» **Data segment**:
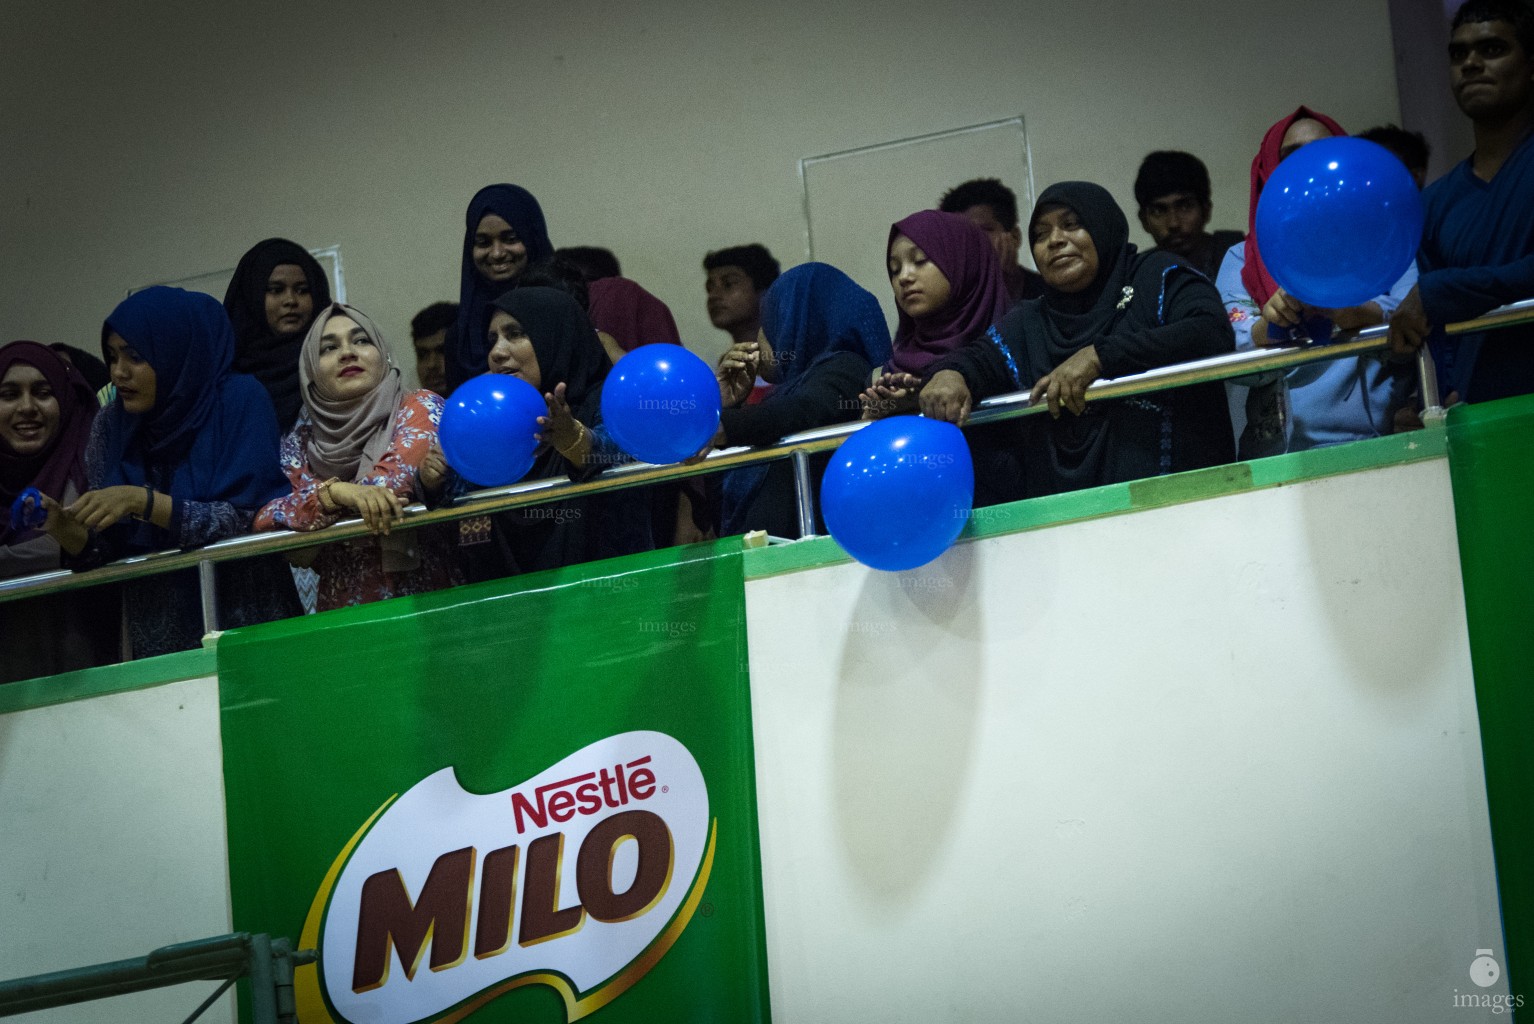 MILO Interschool Volleyball Tournament 2018 (U16 Boys Final)
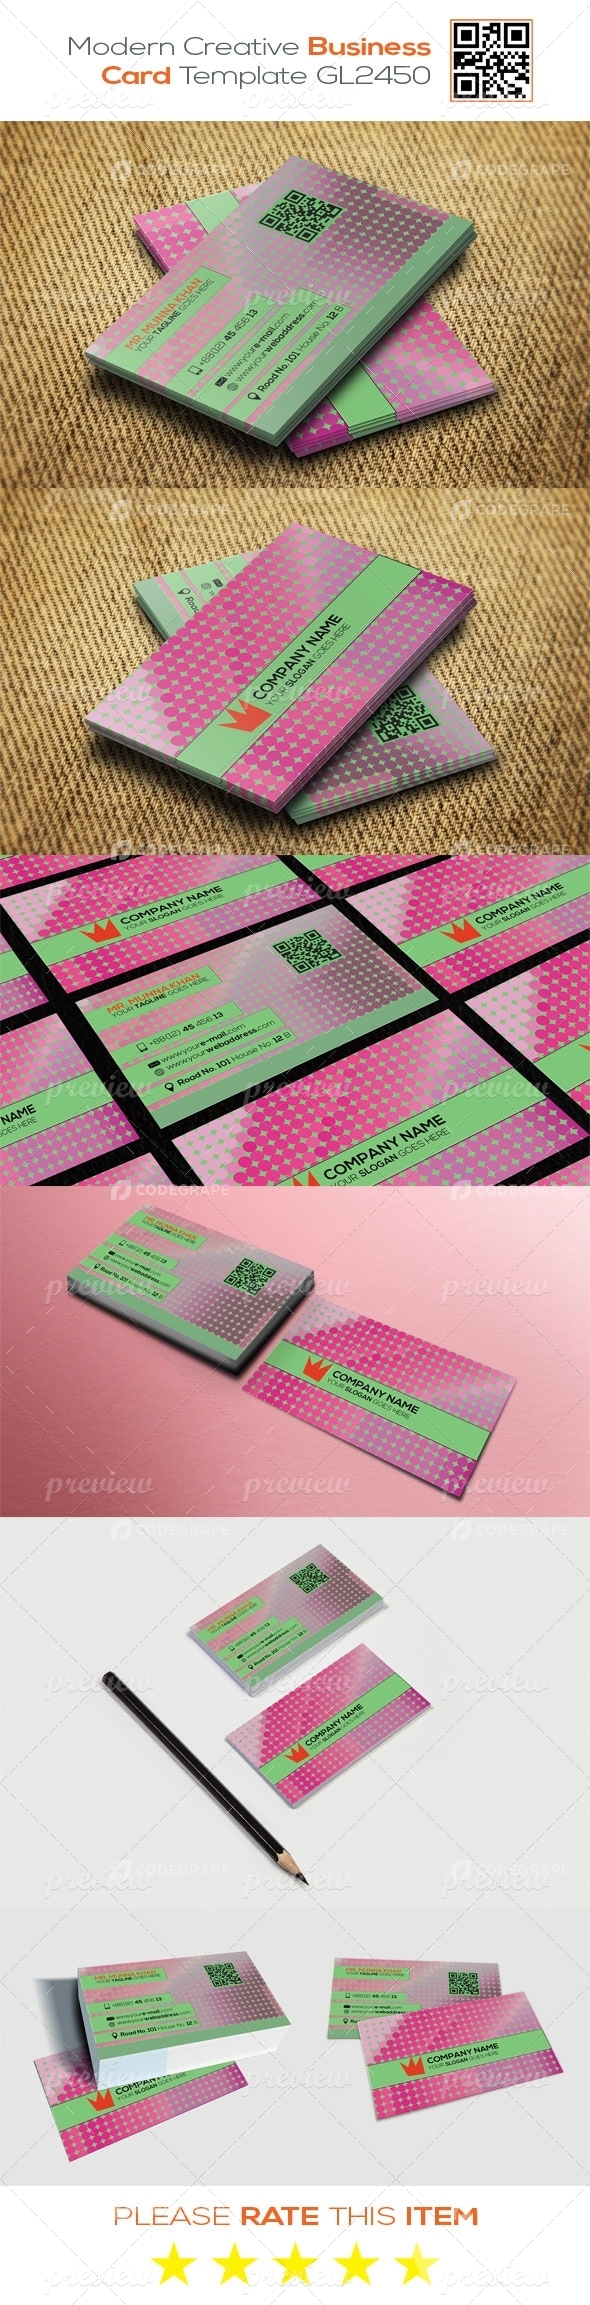 Modern Creative Business Card Template GL2450
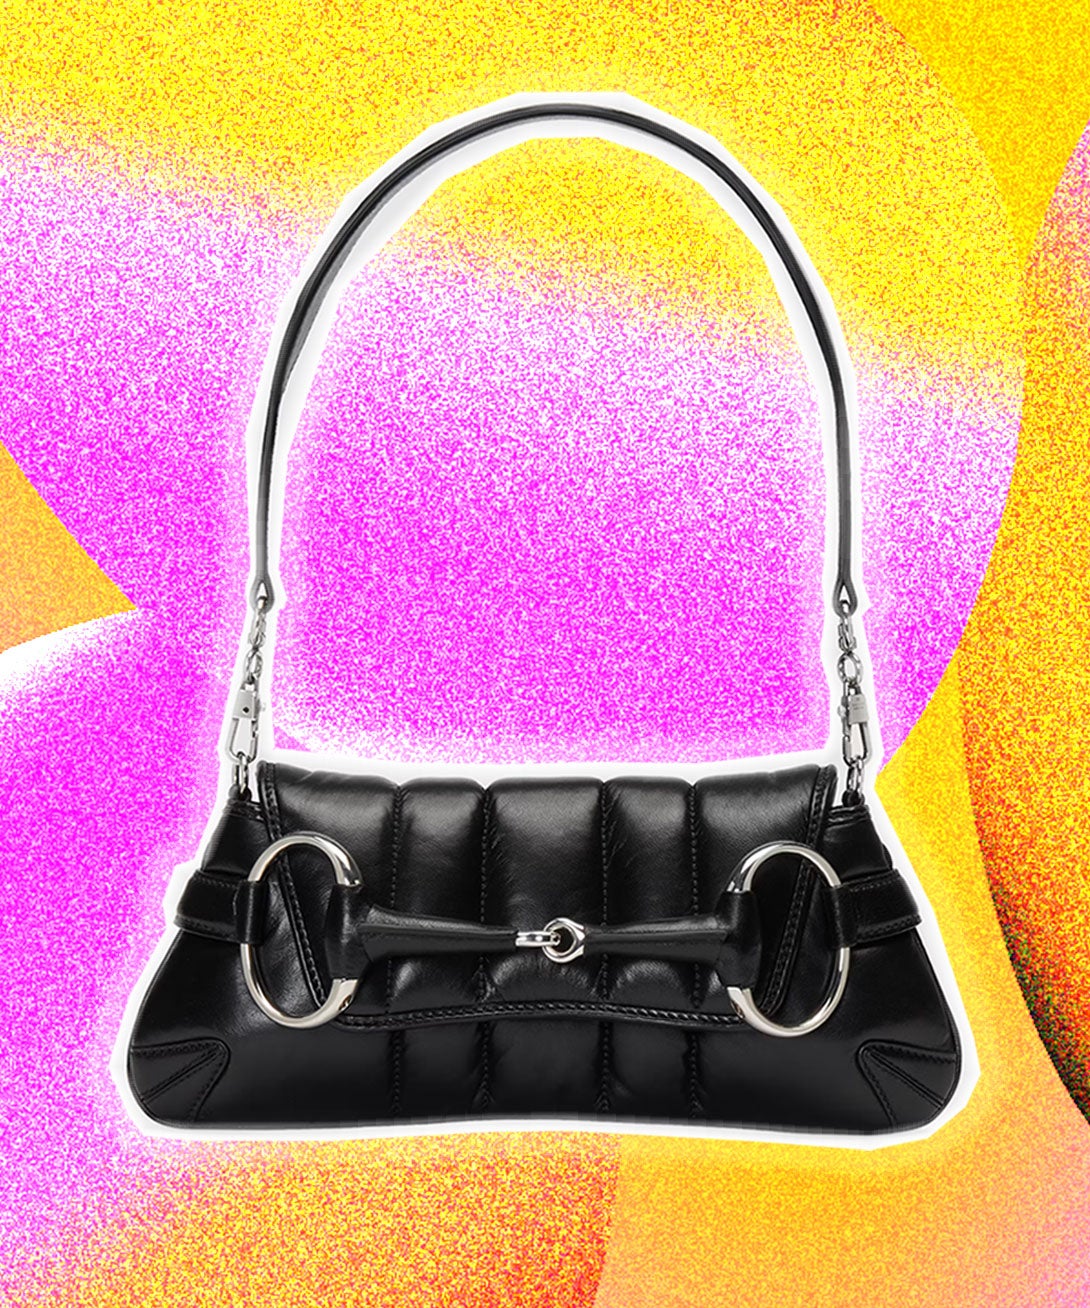 Beginner question : finding a Gucci handbag

» **Exercise description**:
Output the data exactly as it appears. The pictures do not belong in it.

» **Solved exercise**:
 MILO Interschool Volleyball Tournament 2018 (U16 Boys Final)
 Modern Creative Business Card Template GL2450
 Beginner question : finding a Gucci handbag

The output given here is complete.